# Scratch Coat



## Winchester

rbsremodeling said:


> Hold up I can't believe I let this thread get this far out of hand:furious:
> are you licensed?:laughing::laughing:


Ha! No, he lives in oklahoma where he can use somebody else's license for 25% of the profit :laughing:


----------



## bline22

I couldn't post the full url address so had to remove one of the w's from www in order for it to post...add a another w to get it work.


----------



## laybrick

I prefer type s , but, I think stone manufacturers recommend type N because it has a longer board life. Cultured stone doesn't burn up mud fast (especially for a novice) The less tempering (diluting) the better. I use type N bags with 14 shovels of sand. seems to work out pretty good.


----------



## stacker

Winchester said:


> Ha!
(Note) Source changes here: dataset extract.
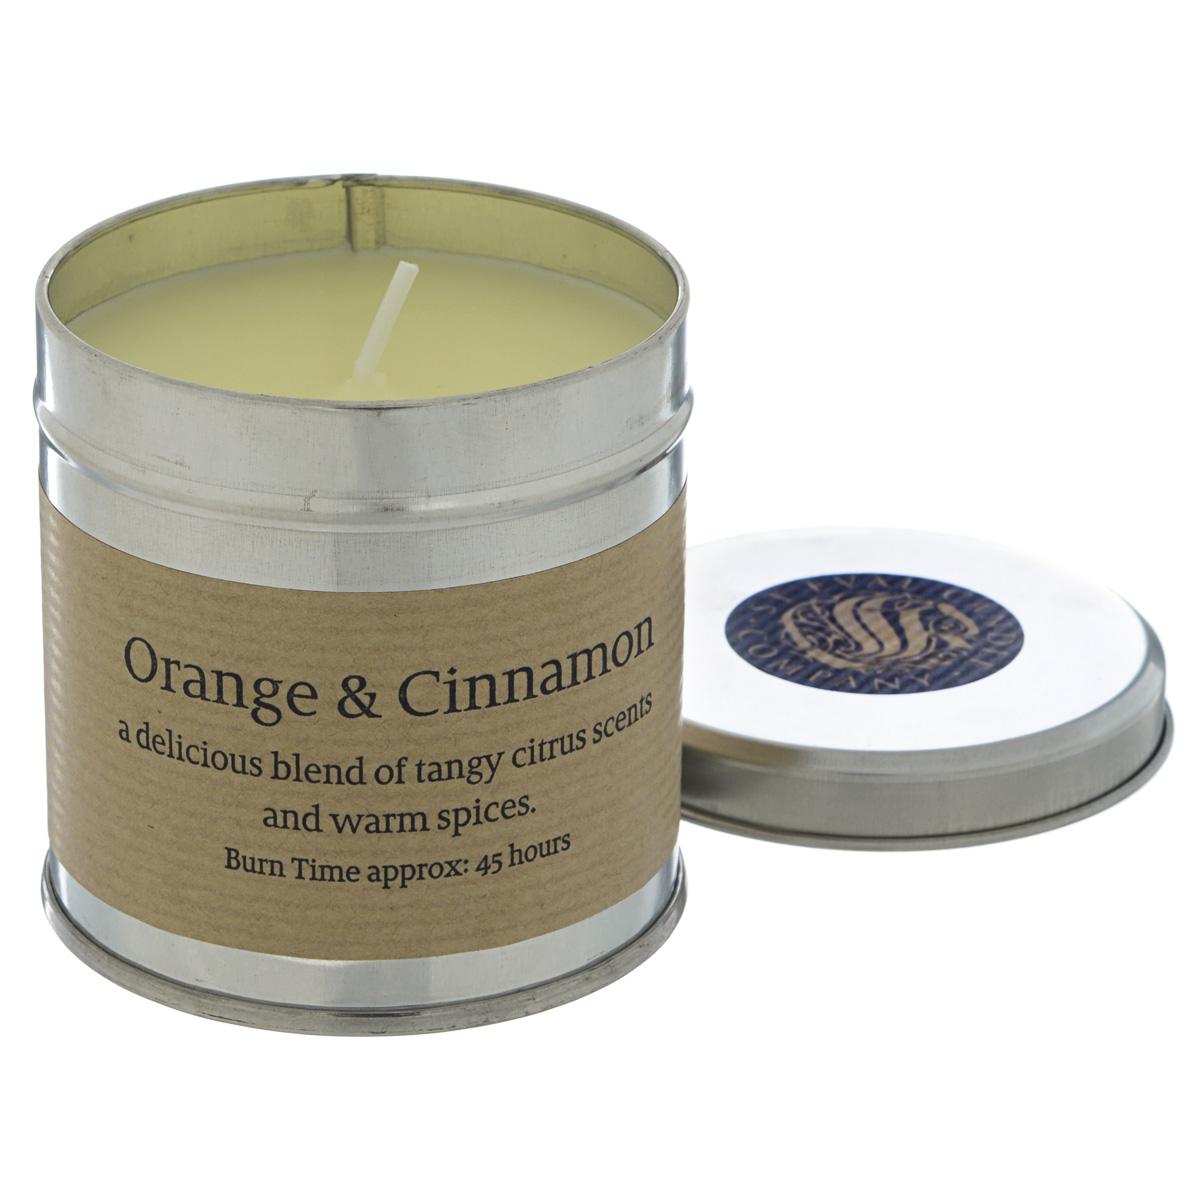 St Eval candle Апельсин с корицей ароматическая свеча в алюминии, 45 часовS-TIN/OCМягкий, но в то же время глубокий аромат теплых специй в сочетании с цитрусовыми. Свечи St Eval candle производятся вручную из природного воска в традиционном английском стиле, который давно уже стал бестселлером во всем мире.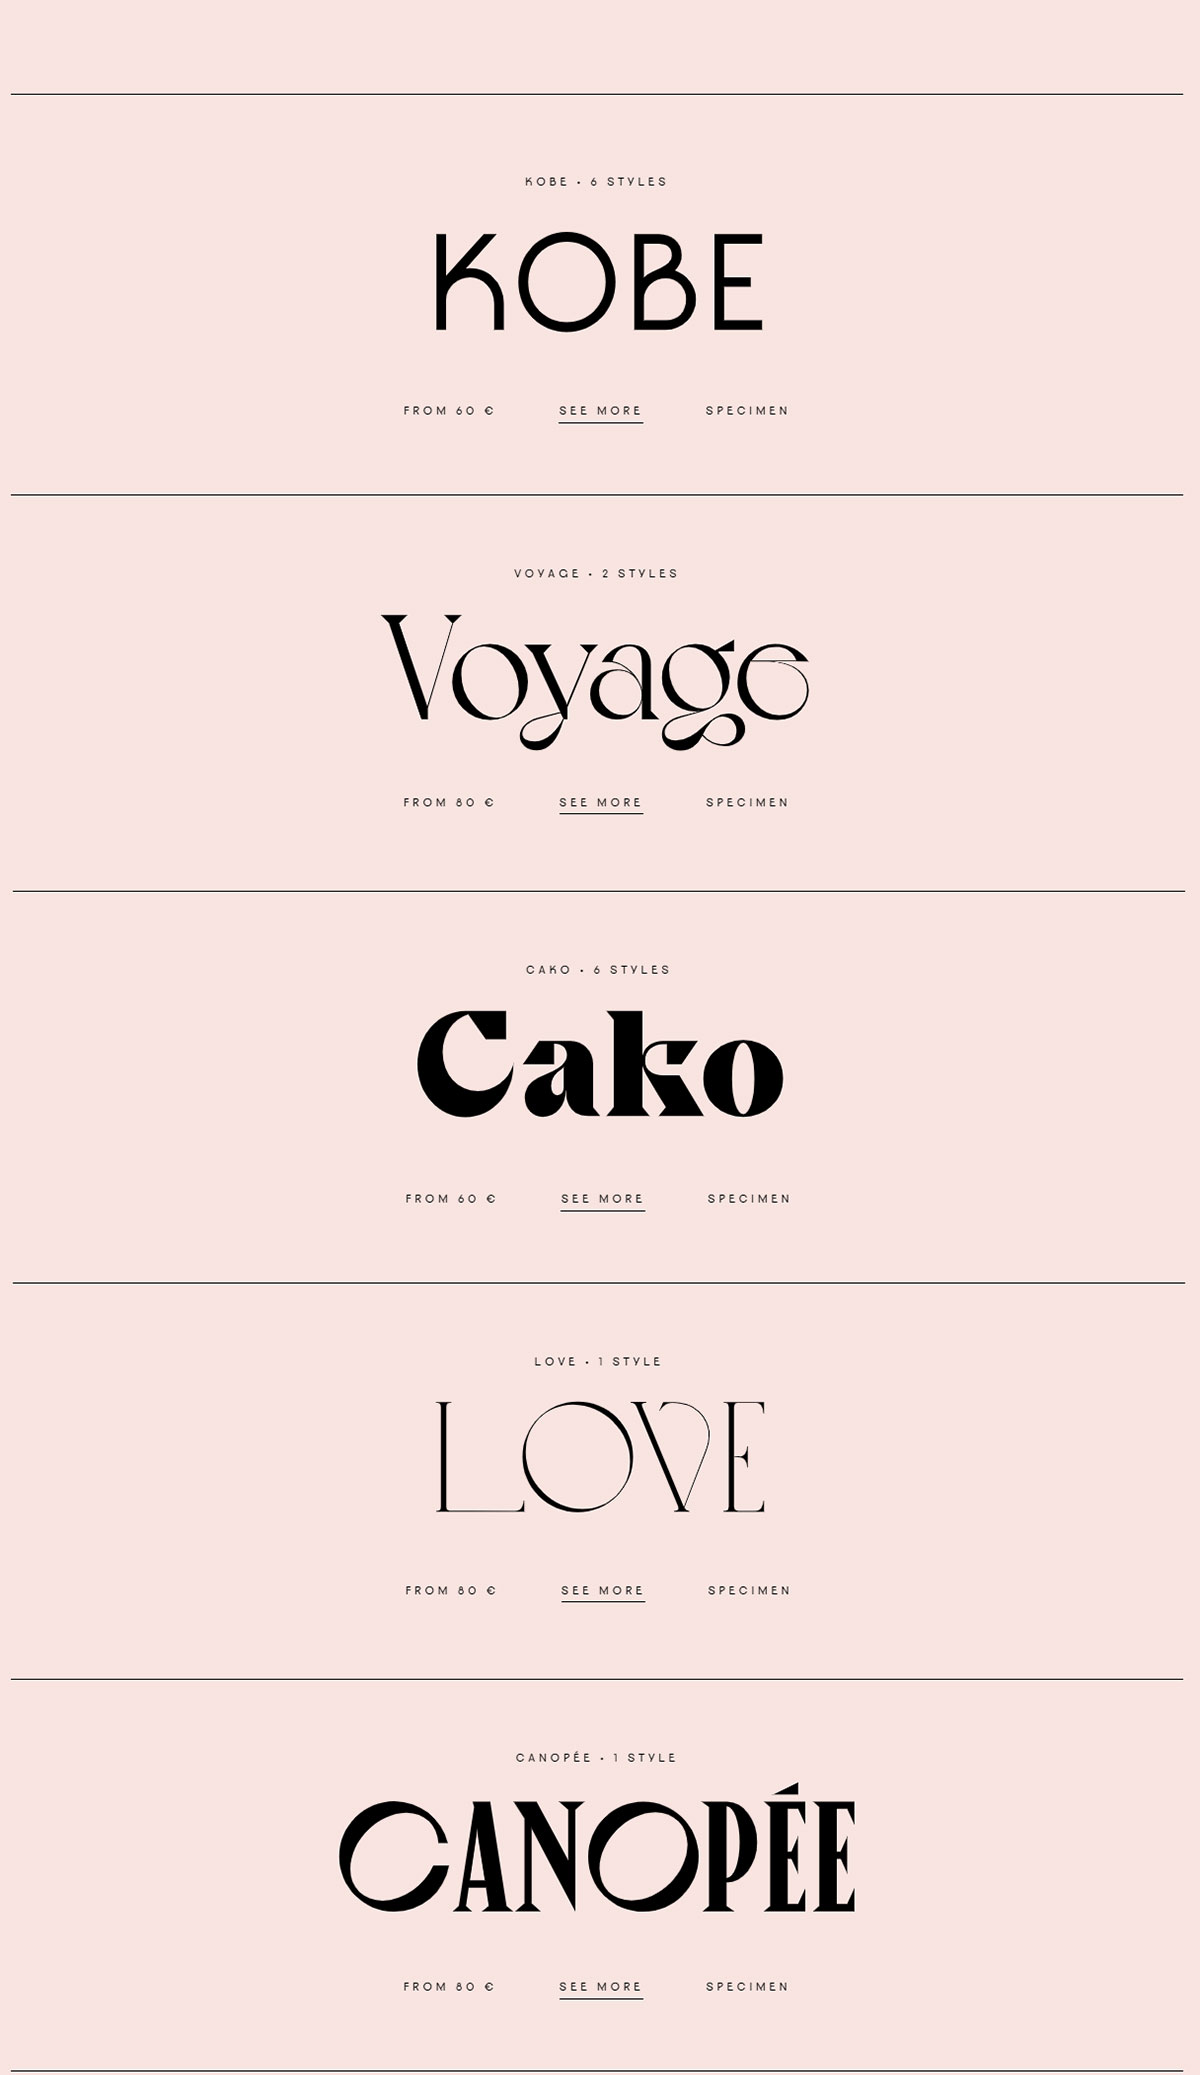 [单独购买] 10套潮流逆反差酸性杂志标题Logo设计VJ Type家族英文字体合集 VJ Type – Typeface Font Collection插图1

No, he lives in oklahoma where he can use somebody else's license for 25% of the profit :laughing:


25%!im getting screwed.:furious:

when i apply stone,i use type n mason with 17 shovels of sand and a shovel of portland.which i think tscar told me was the same as type s.
i apply a scratch coat and come right back over the area with my thick mud base(3/4 in)apply the stone and grout the joints with a grout bad.then move on.
last week i had to lay block under a house that had been moved about 15 miles over county roads.10 years ago i installed stone on this house's addition.when i got to the job i was suprised that the house movers didnt remove the stone.the stone was all intact with a couple cracks on the corners is all.i was impressed.


----------